American silent film actress

Sally Crute (born Sally C. Kirby, June 27, 1886 - August 12, 1971) was an American actress of the silent film era.

==Biography==
Born in Chattanooga, Tennessee, before entering motion pictures Crute performed on stage. Crute was generally cast as a widow or man charmer in movies. She was employed by Edison Studios. She was a leading woman of Harold Lockwood, Joseph Burks, and Frank Lyon, among others.

In In Spite of All (1915) she played the role of Stella, a famous dancer who lures the film's hero. In Her Vocation (1915), she appeared as an adventurous newspaper woman in a cast which included Augustus Phillips. As Lucille Stanton, in When Men Betray (1918), Crute performs as a female so enticing she makes men her willing slaves.

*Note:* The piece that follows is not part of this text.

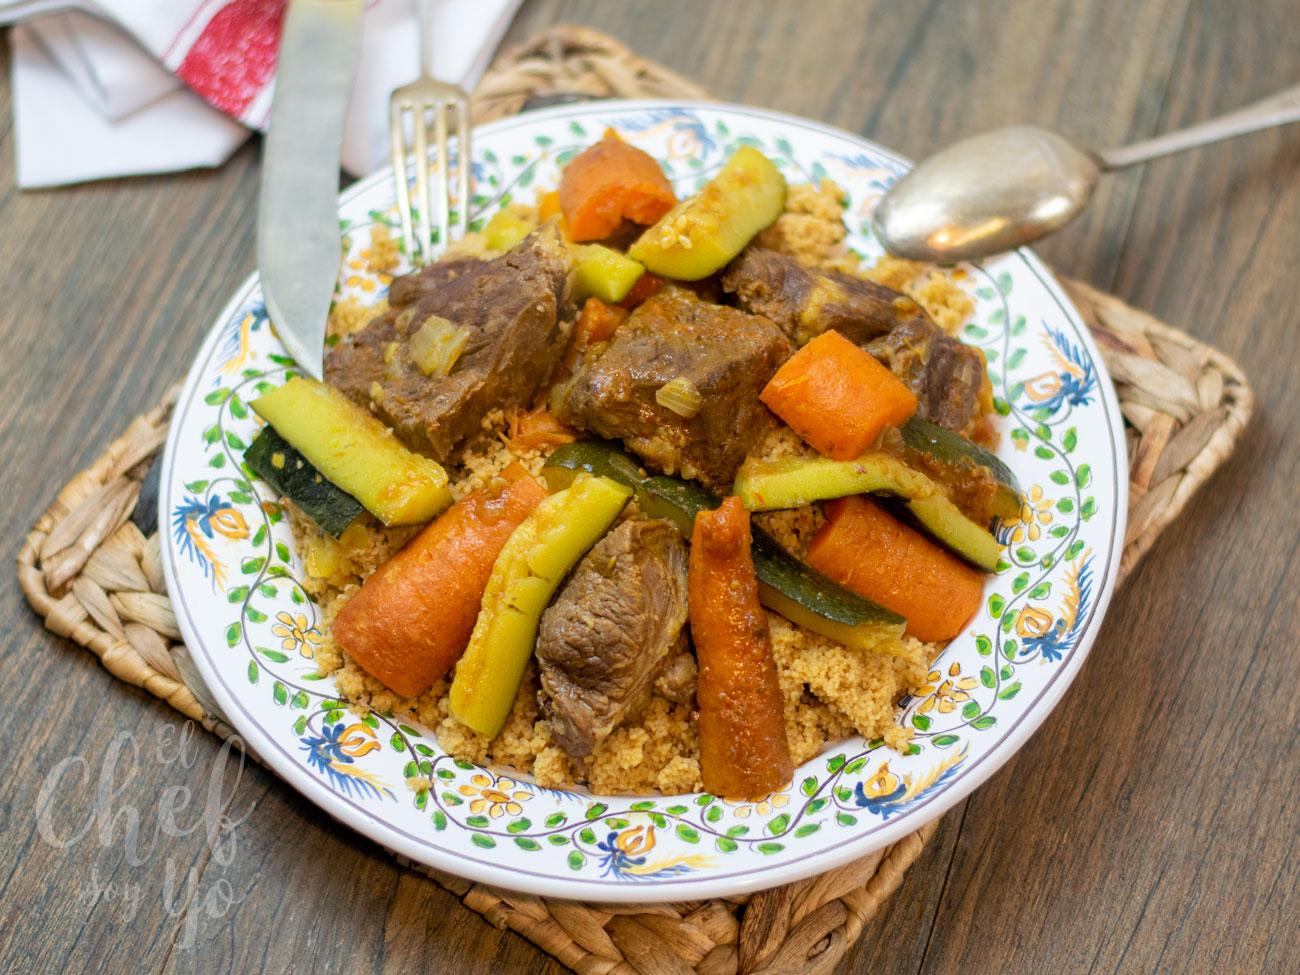 Cous cous al estilo marroquí con Tajine de cordero
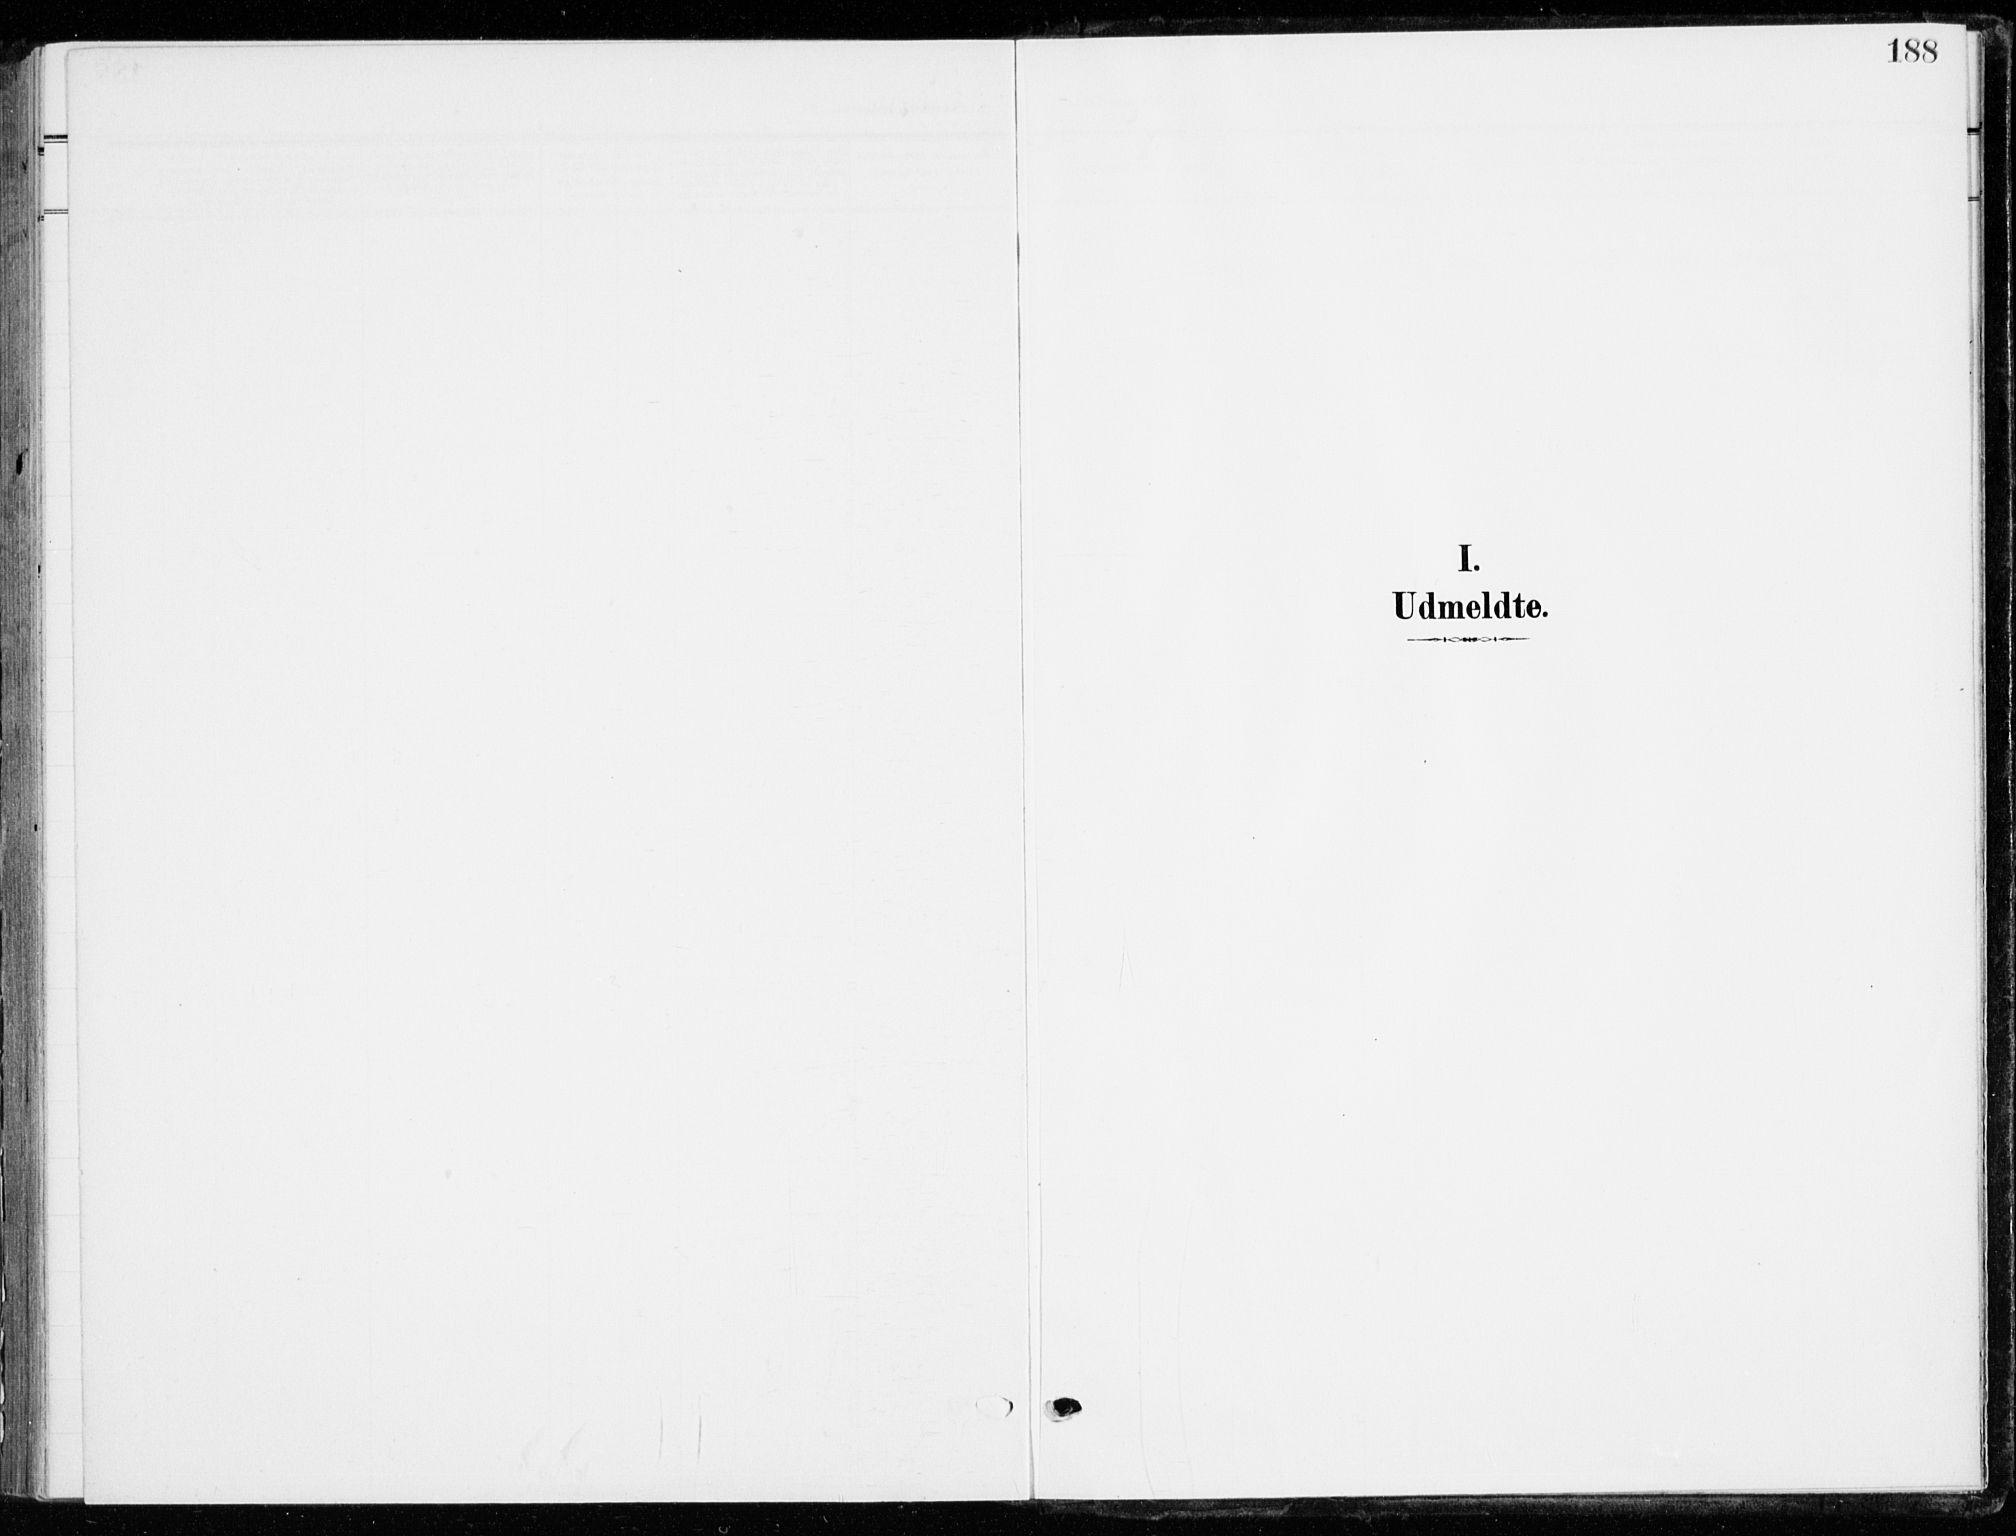 SAH, Ringsaker prestekontor, K/Ka/L0021: Ministerialbok nr. 21, 1905-1920, s. 188

After leaving motion pictures in 1925, Crute returned to make The Ace of Cads in 1926. The film starred Adolphe Menjou. She also appeared in Tin Gods (1926) with Thomas Meighan.

Crute died in 1971 in Miami, Florida.

==Partial filmography==

- The House of the Lost Court (1915) - Nina Desmond
- The Light at Dusk (1916)
- The Cossack Whip (1916)
- Blue Jeans (1917) - Sue Eudaly
- The Law of Compensation (1917)
- The Beautiful Lie (1917)
- The Avenging Trail (1917)
- The Awakening of Ruth (1917)
- A Wife by Proxy (1917)
- The Tell-Tale Step (1917)
- The Law of the North (1917)
- The Power of Decision (1917)
- The Belgian (1918) - Countess de Vries
- When Men Betray (1918) - Lucille Stanton
- Opportunity (1918)
- Eye for Eye (1918) - Helene
- The Poor Rich Man (1918)
- Atonement (1919)
- A Broadway Saint (1919)
- The Undercurrent (1919)
- The Greatest Love (1920)
- Even as Eve (1920) - Agatha Sproul
- The Garter Girl (1920) - Lynette
- Blind Wives (1920) - Business Woman
- Miss 139 (1921) - Vera Cardine
- It Isn't Being Done This Season (1921)
- The Tents of Allah (1923)
- Broadway Broke (1923)
- His Children's Children (1923) - Mrs. Wingate
- Week End Husbands (1924)
- A Little Girl in a Big City (1925)
- The Half-Way Girl (1925) - Effie
- Ermine and Rhinestones (1925) - Alys Ferring
- Tin Gods (1926)
- The Ace of Cads (1926)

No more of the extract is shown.